П. С. С.: — Про бабушек? Сколько угодно. Есть бабушки, которым нравятся наши концерты. А есть, которые органически это не принимают, причем, в разных городах реагируют по-разному, они ругаются, плюются, но все равно слушают, их как магнитом тянет в зал. Очень интересно. А последнее время я прикалываюсь над ментами. В Павлодаре меня, например, поразил один мент. Такой, знаешь, каа-а-бан… казах. Ну, здоровый такой, лицо кру-уу-глое… настоящий такой, матерый, приземистый. Там народ бесится, дождь льет. Открытый стадион, трибуна торцевая, народу битком. Они там орут, скачут. Менты держат их стоят. А этот, полковник, держит ментов, чтоб они не дрогнули, понимаешь. И вот он крутит башкой туда-сюда, то смотрит на эту беснующуюся толпу, которая получает громадное удовольствие под дождем, он этого не может понять, почему они не уходят. Разворачивается и снова ни фига не понимает: черт, что такое? Что на сцене? Какие-то странные люди, понимаешь, чего-то делают, чего-то орут. Он не мог понять ничего. И меня это так повеселило, ужасно просто. Как же его все зацепило! Так бы он отработал, и все. А тут он участвовал в процессе, понимаешь? Он не стоял этим, посторонним. Вот это мне нравится. То есть все, кто участвуют в процессе, они мне все одинаково…
С. Л.: — Милы.
П. С. С.: — Милы, да.
С. Л.: — А какой альбом тебе ближе, как музыканту? «Энергия» или, например, «Шабаш».

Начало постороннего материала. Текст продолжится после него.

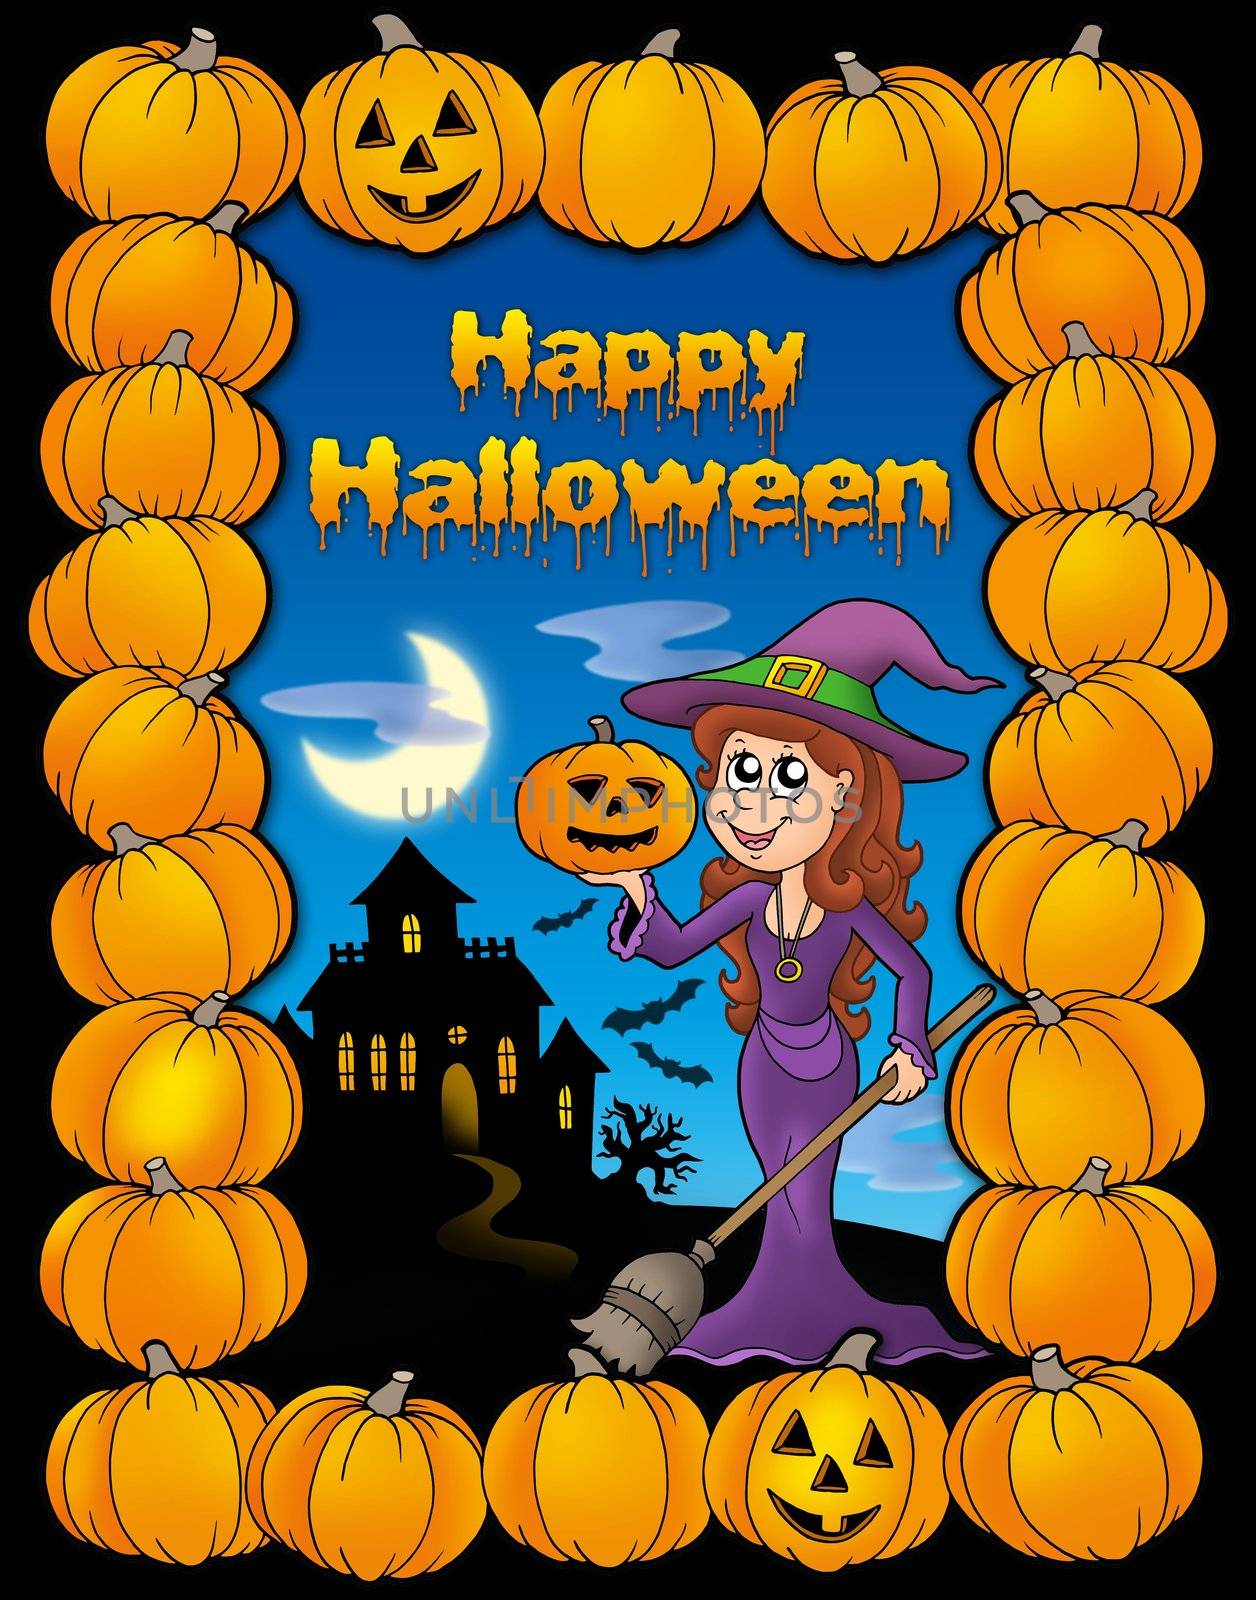 Happy Halloween card by clairev

П. С. С.: — Я с удовольствием слушаю «Энергию». И с удовольствием слушаю «Шабаш».
С. Л.: — То есть у тебя нет противоречия.
П. С. С.: — Нет. Я с удовольствием слушаю и то, и другое, и третье. Мне с «БлокАдой» сложнее. Но некоторые вещи из «БлокАды» я тоже слушаю.

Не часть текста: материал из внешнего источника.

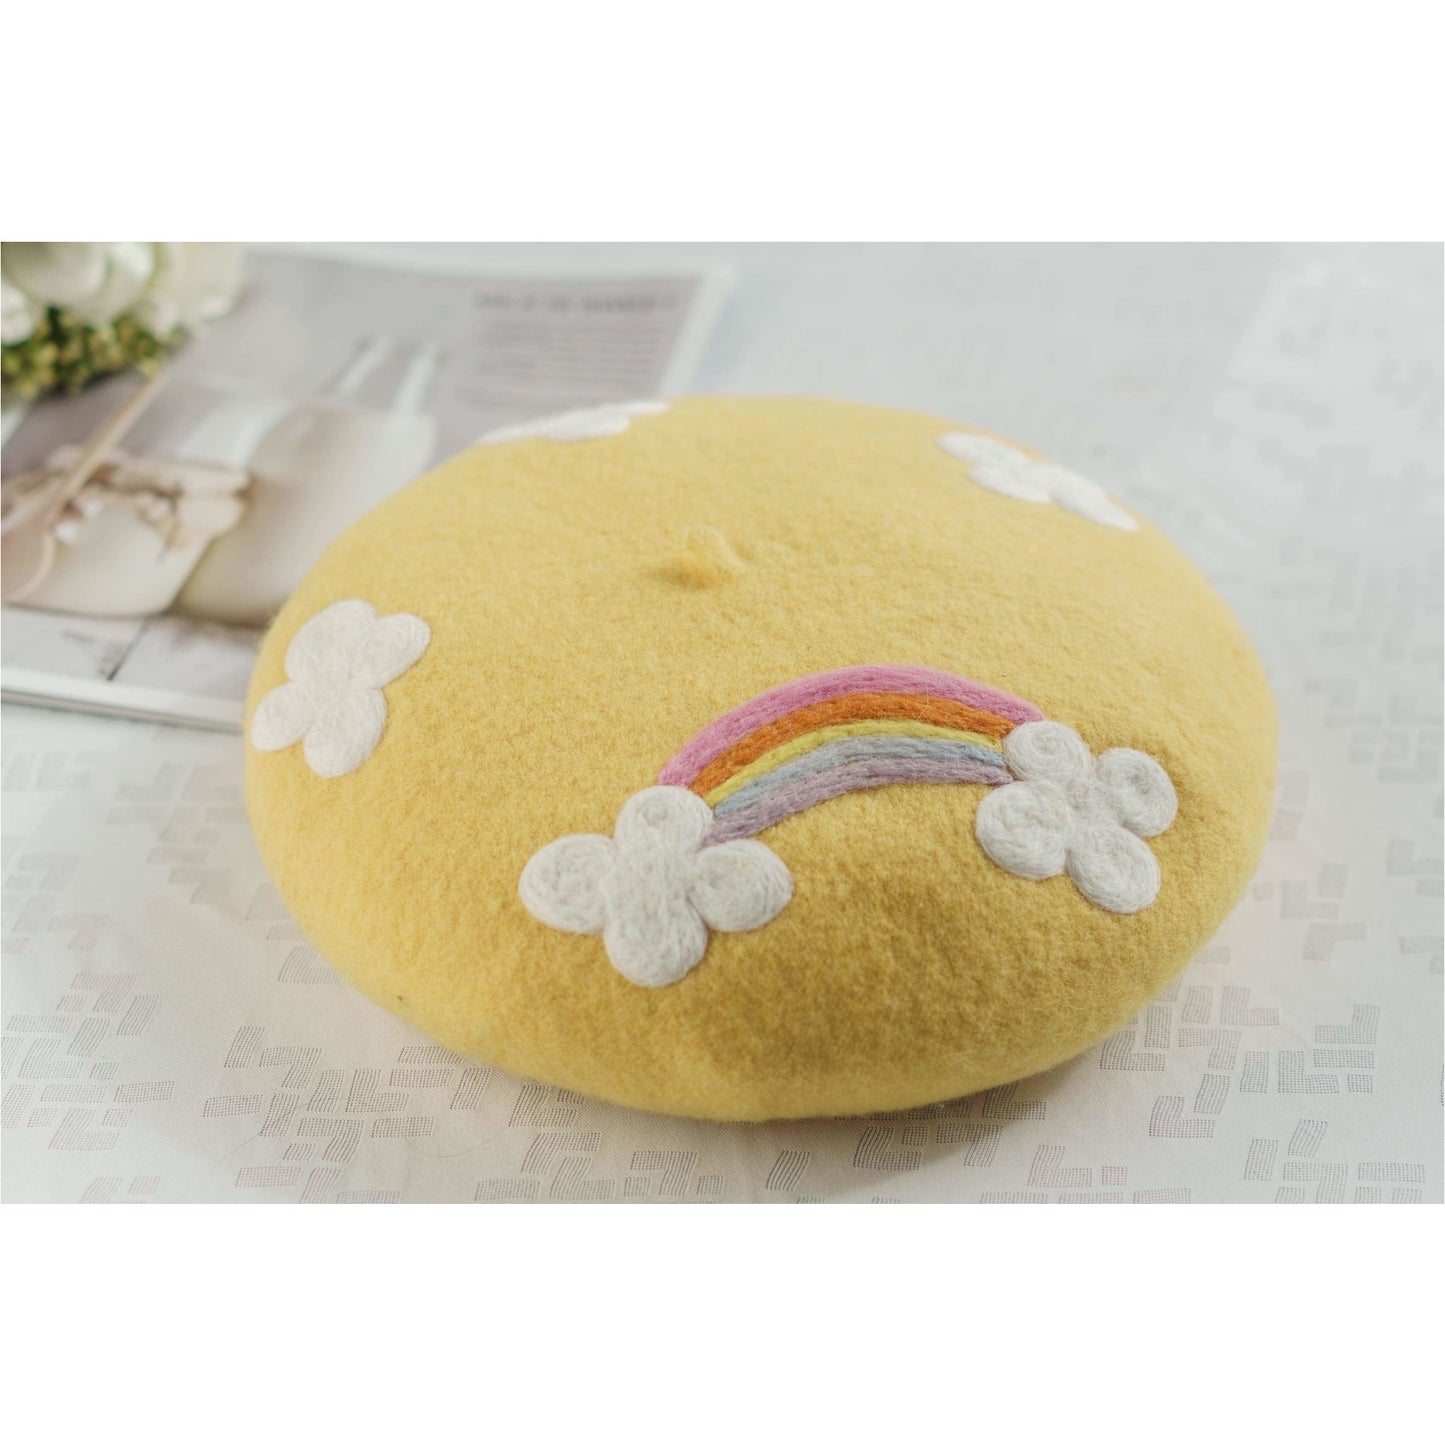 Rainbow beret for women and girls.

С. Л.: — А любимый какой альбом?
П. С. С.: — Трудно сказать. Судя по всему, наверное… знаешь, как первый ребенок,— видимо, все-таки «Энергия» у меня любимый пока. Последний альбом («Для Тех, Кто Свалился С Луны» — Ред.) мне тоже очень нравится. Он классный, кайфовый.
С. Л.: — А вообще какая тебе музыка нравится?
П. С. С.: — Ты знаешь, я сейчас стал всеядным, как ни странно. Мне нравится все хорошее. С великим удовольствием слушаю классику. Больше всего я ее сейчас слушаю. В классике мало дряни, потому-то она и классика. Органически не принимаю жалкие попытки наших попсарей играть хип-хоп. Просто тошнит, ей-Богу. Мода, ладно. Может быть, я опять-таки старый. Но мне это не нравится. К ним у меня такое же отношение, как в 81-м году к ВИА. По сути это одно и тоже. Что эти ВИА, что хип-хопы. Тупость и ограниченность. Это и есть массовая культура. Это я не принимаю. Все остальное принимаю, все эксперименты, любые.
С. Л.: — А из наших кого любишь?
П. С. С.: — Кого люблю? ЧАЙФ, БРИГАДУ С полюбил. По-моему, классно. Мы же с ними катаемся, слушаем. До этого редко слушал. А тут пошел, послушал, огромное удовольствие получил. Что от ЧАЙФа, что от БРИГАДЫ.
Металлисты мне тоже нравятся, металлисты по-кайфу. КОРРОЗИЯ, например. Они чего-то там бабахают, жутко совершенно. Ну полный идиотизм…
С. Л.: — Какой ты, Петька, разносторонний все-таки.
П. С. С.: — Не, я очень люблю это дело. Металлистов я обожаю. Единственно обломно для меня там, что я не успеваю ухом. Но я и не металлист.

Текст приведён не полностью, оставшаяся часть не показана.